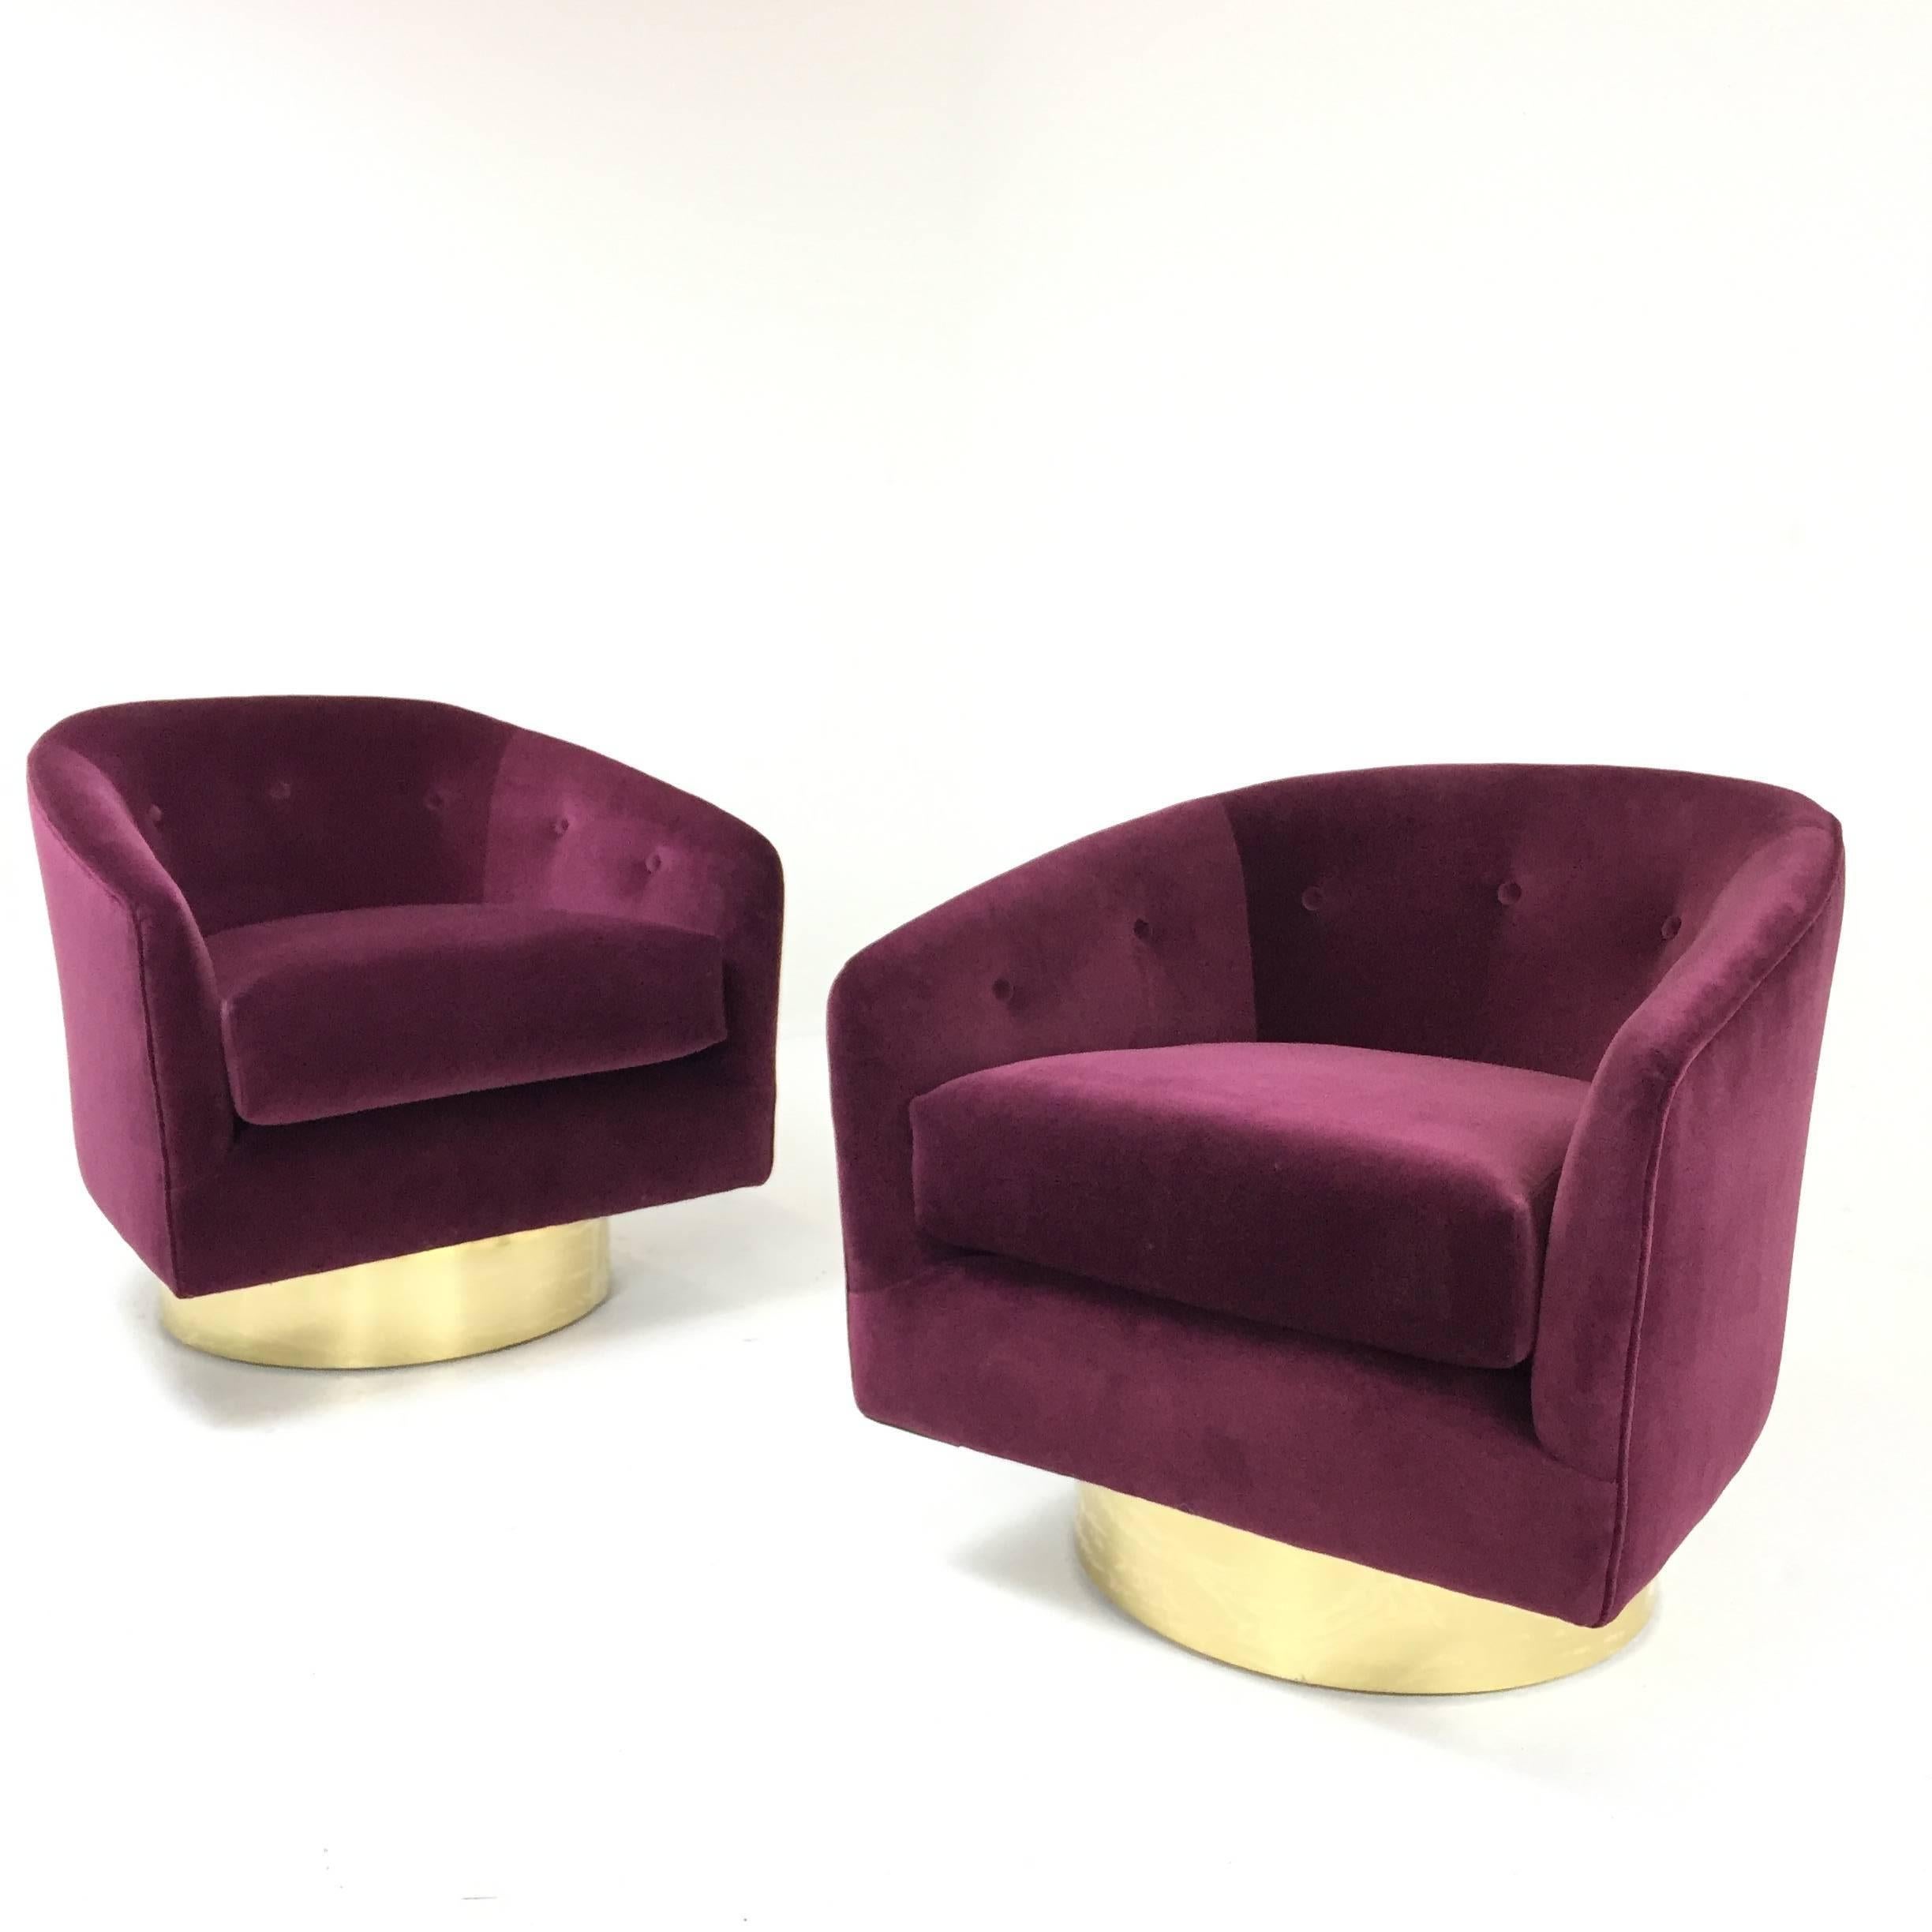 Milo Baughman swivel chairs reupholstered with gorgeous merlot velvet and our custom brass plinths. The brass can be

·····

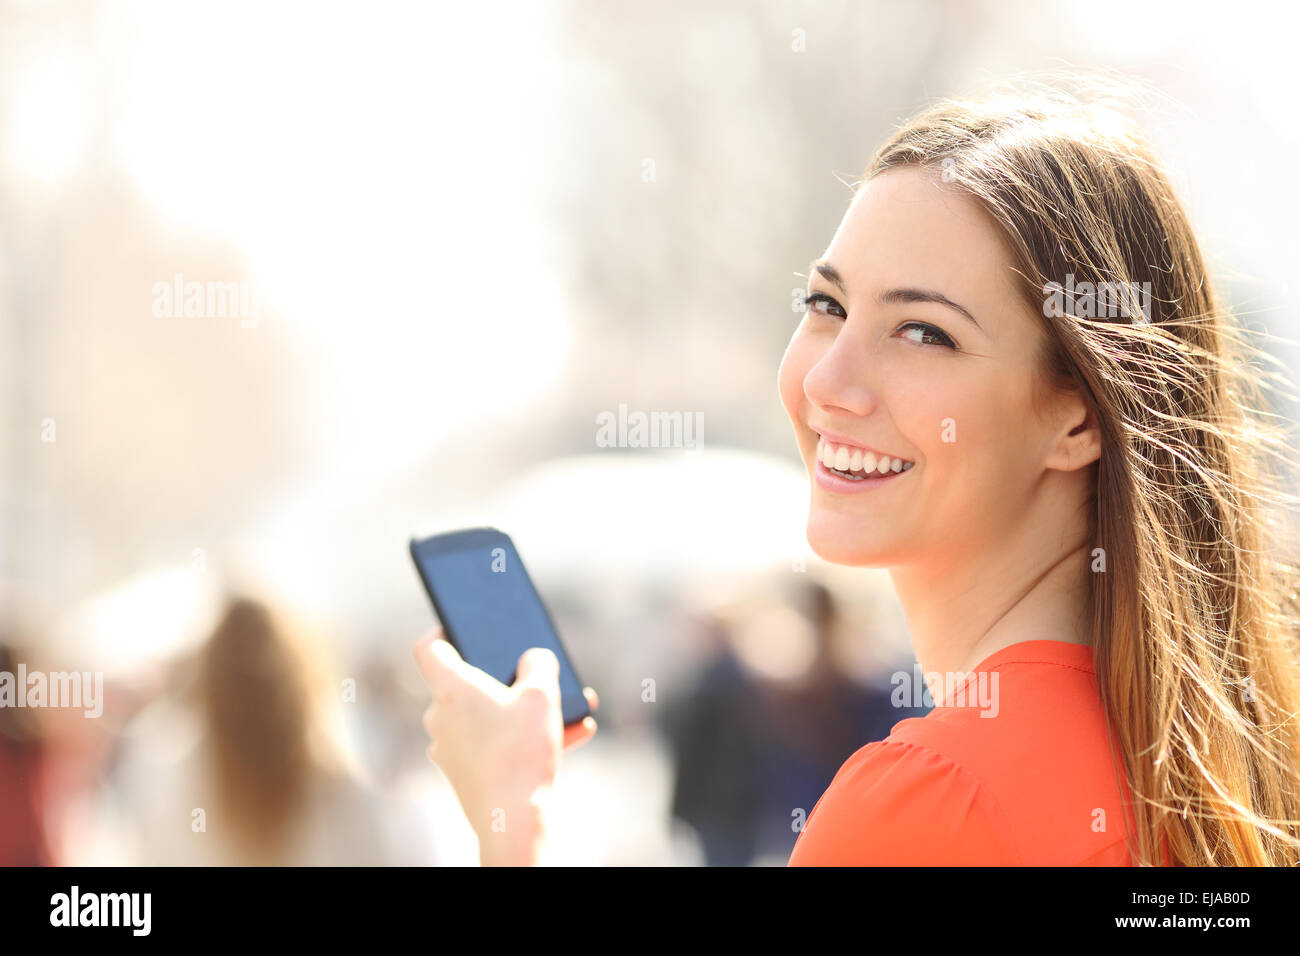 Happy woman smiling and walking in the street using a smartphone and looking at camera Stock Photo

·····

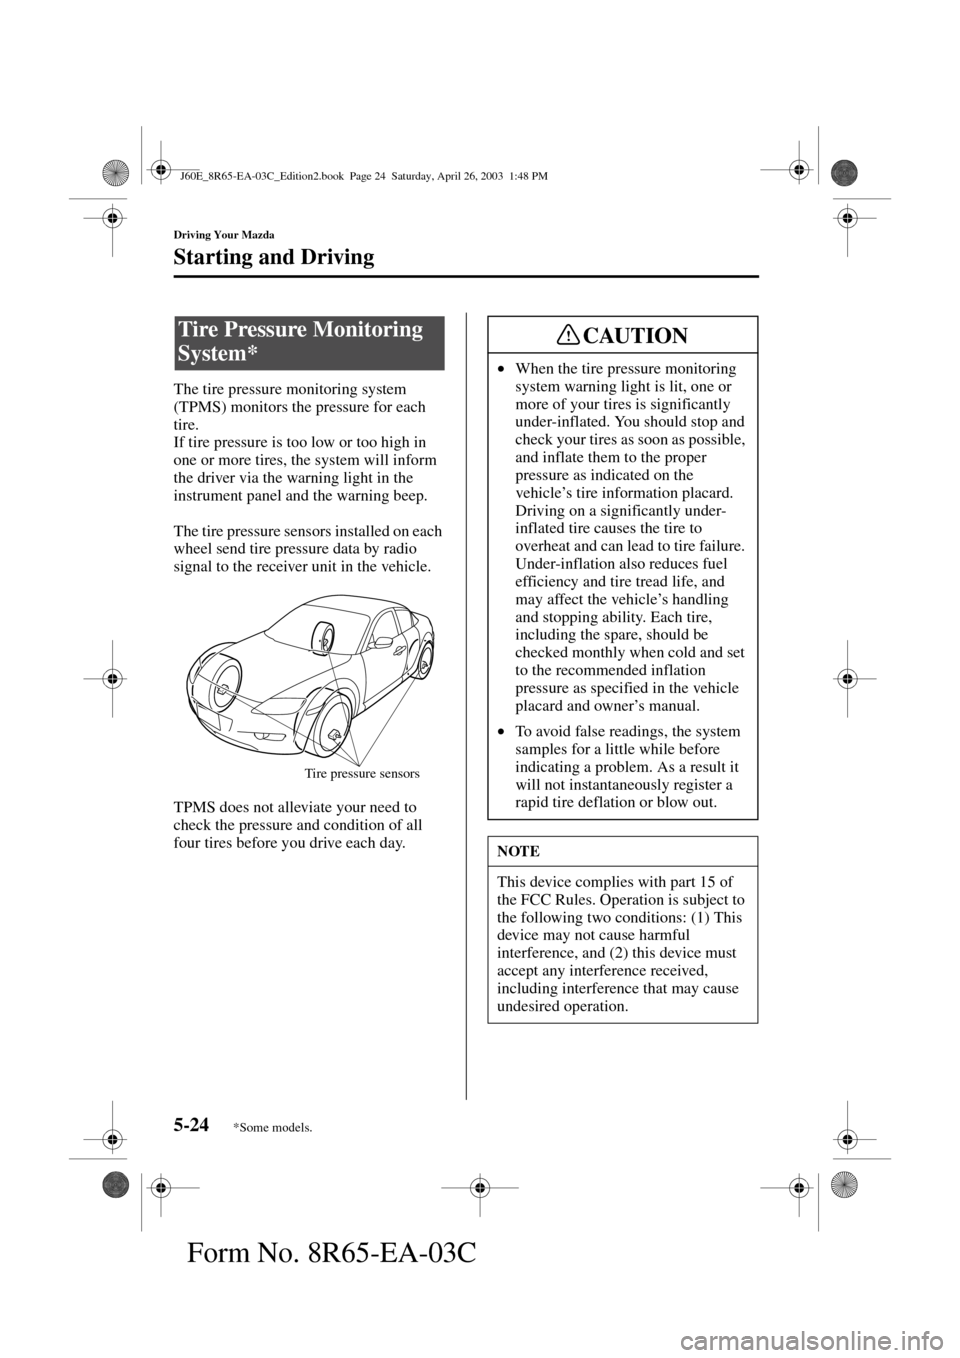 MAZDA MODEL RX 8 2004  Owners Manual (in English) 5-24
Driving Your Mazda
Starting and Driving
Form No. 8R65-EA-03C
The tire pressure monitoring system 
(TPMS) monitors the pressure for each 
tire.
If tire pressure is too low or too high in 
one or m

·····

Line count for the word "tire": state how many lines of the listing hold it, and give only that number.

▶ _Answer to this exercise_: 3